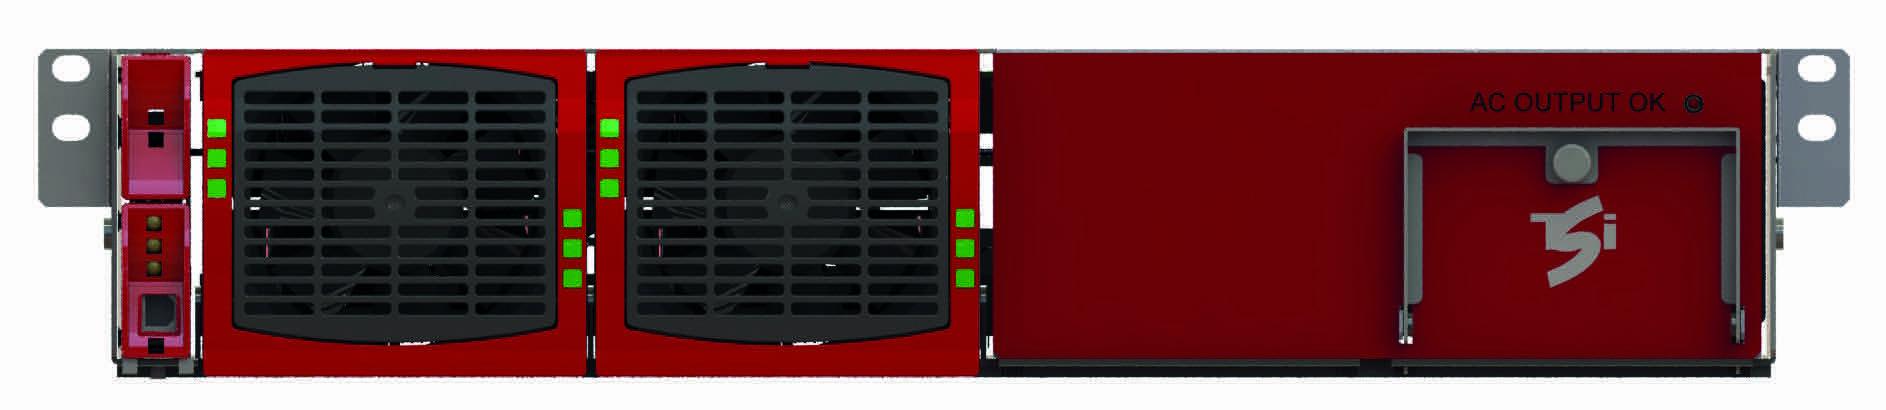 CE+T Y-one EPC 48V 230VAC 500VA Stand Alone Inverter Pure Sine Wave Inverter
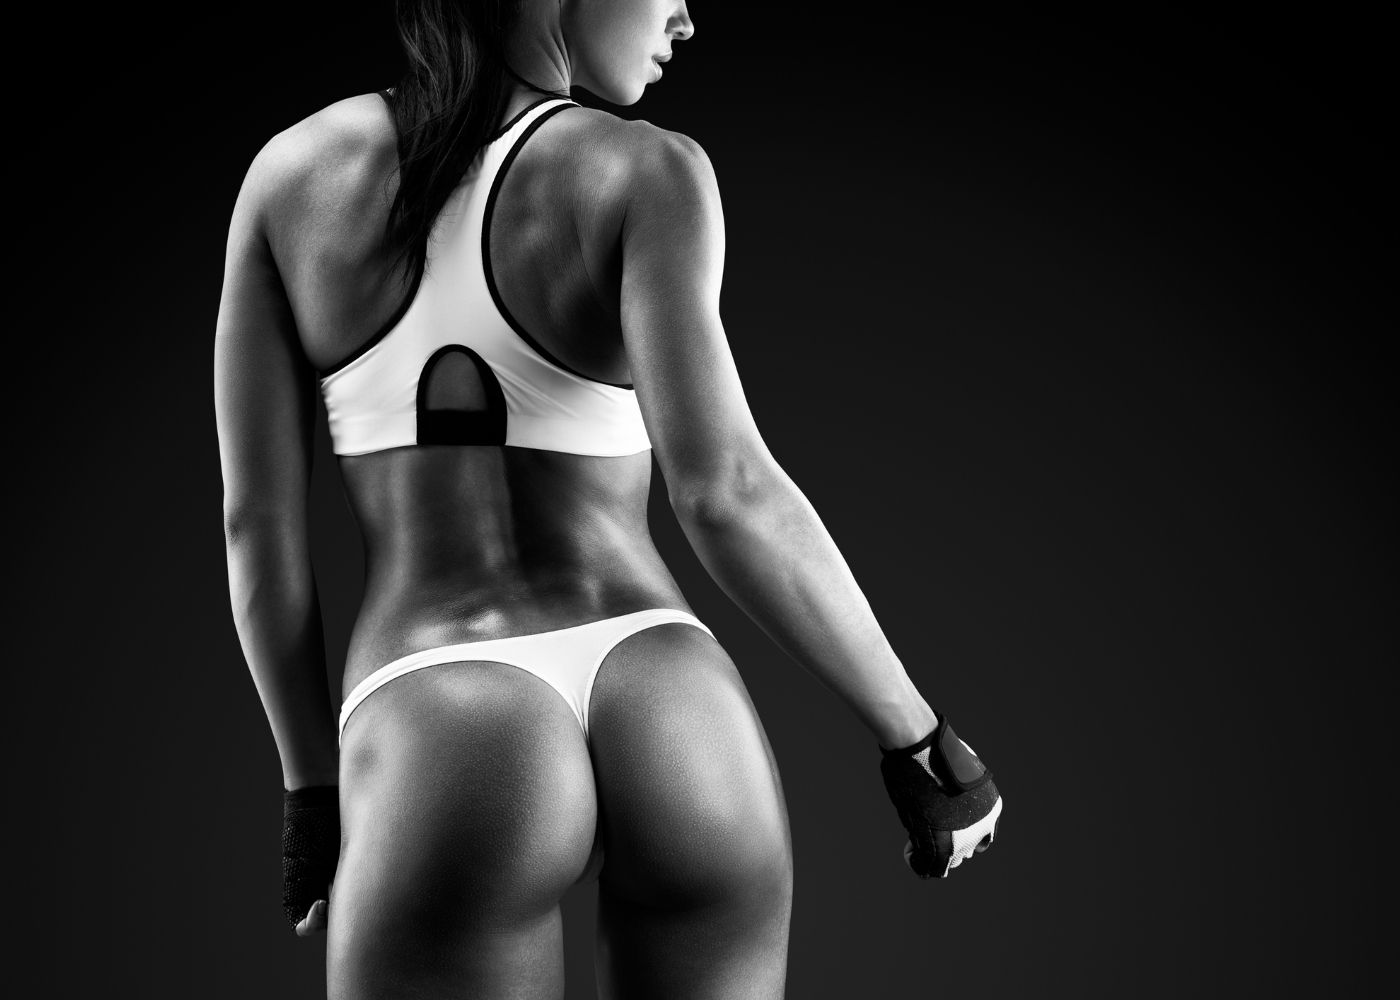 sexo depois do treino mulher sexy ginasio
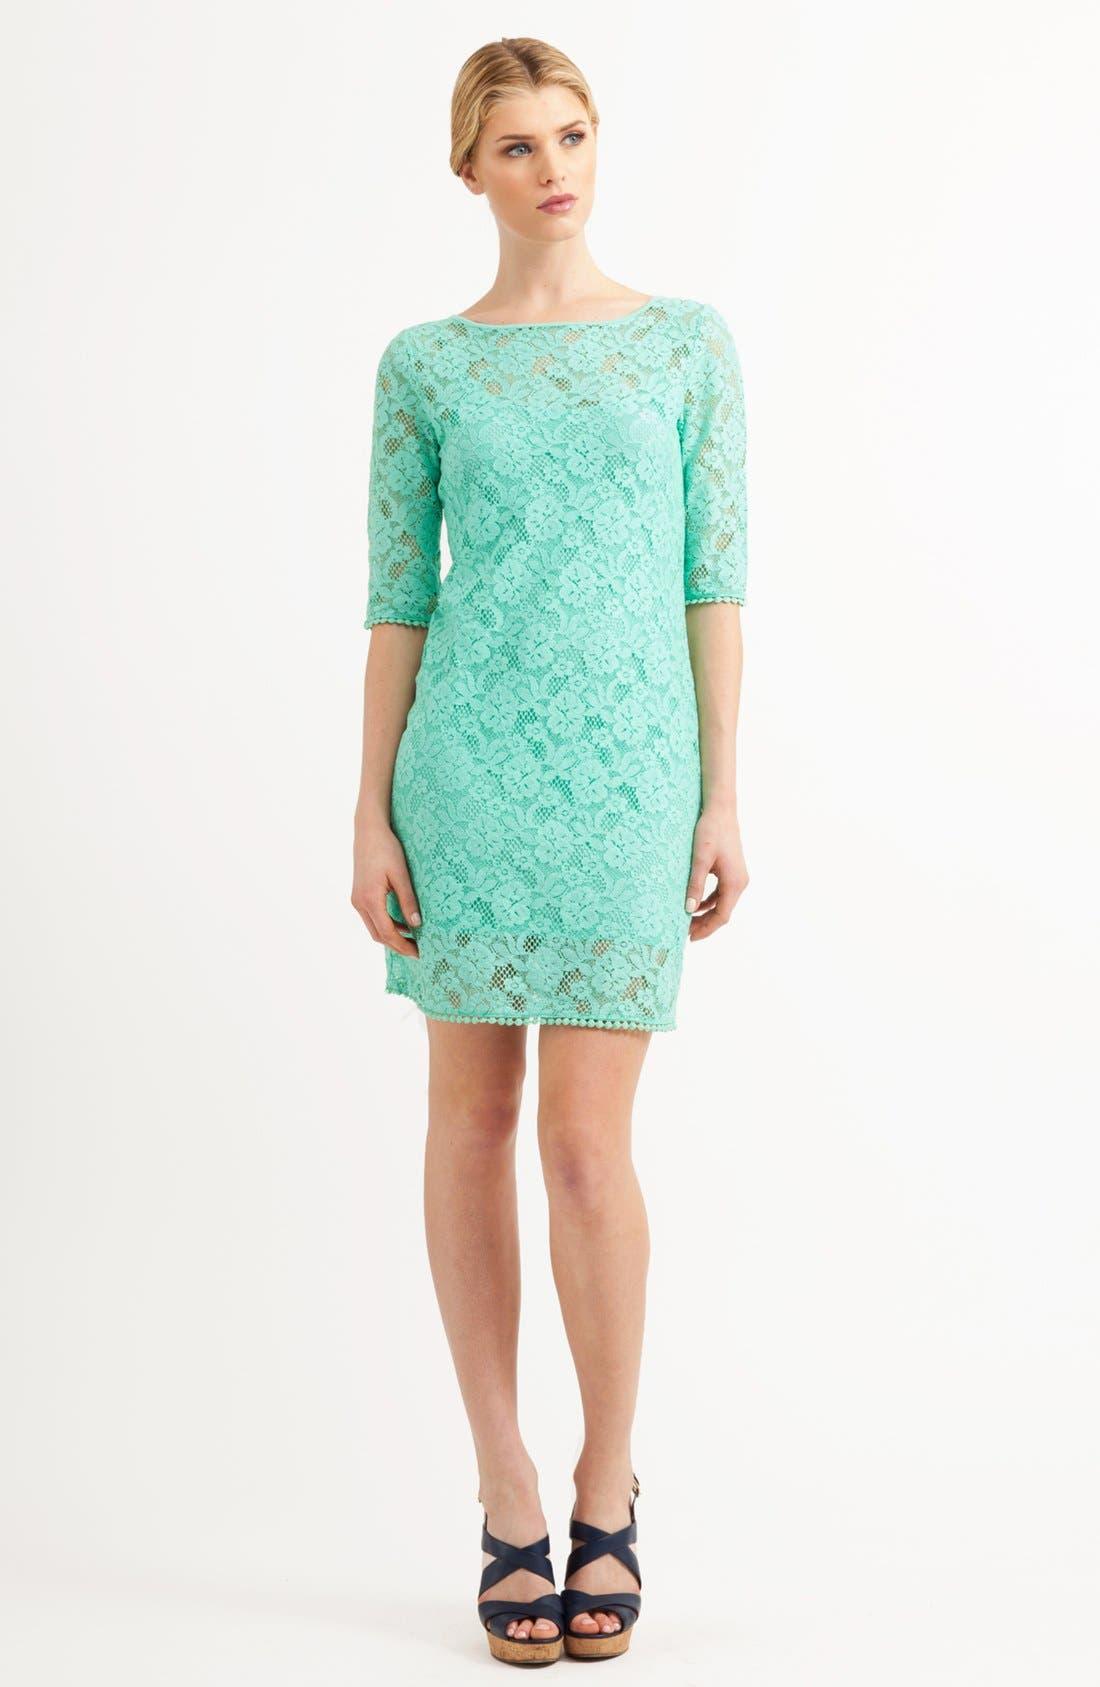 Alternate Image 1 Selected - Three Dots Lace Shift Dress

* Exercise description *
Your reply should be the full data above, copied exactly, with no pictures in it.

* Exercise answer *
 CE+T Y-one EPC 48V 230VAC 500VA Stand Alone Inverter Pure Sine Wave Inverter
 sexo depois do treino mulher sexy ginasio
 Alternate Image 1 Selected - Three Dots Lace Shift Dress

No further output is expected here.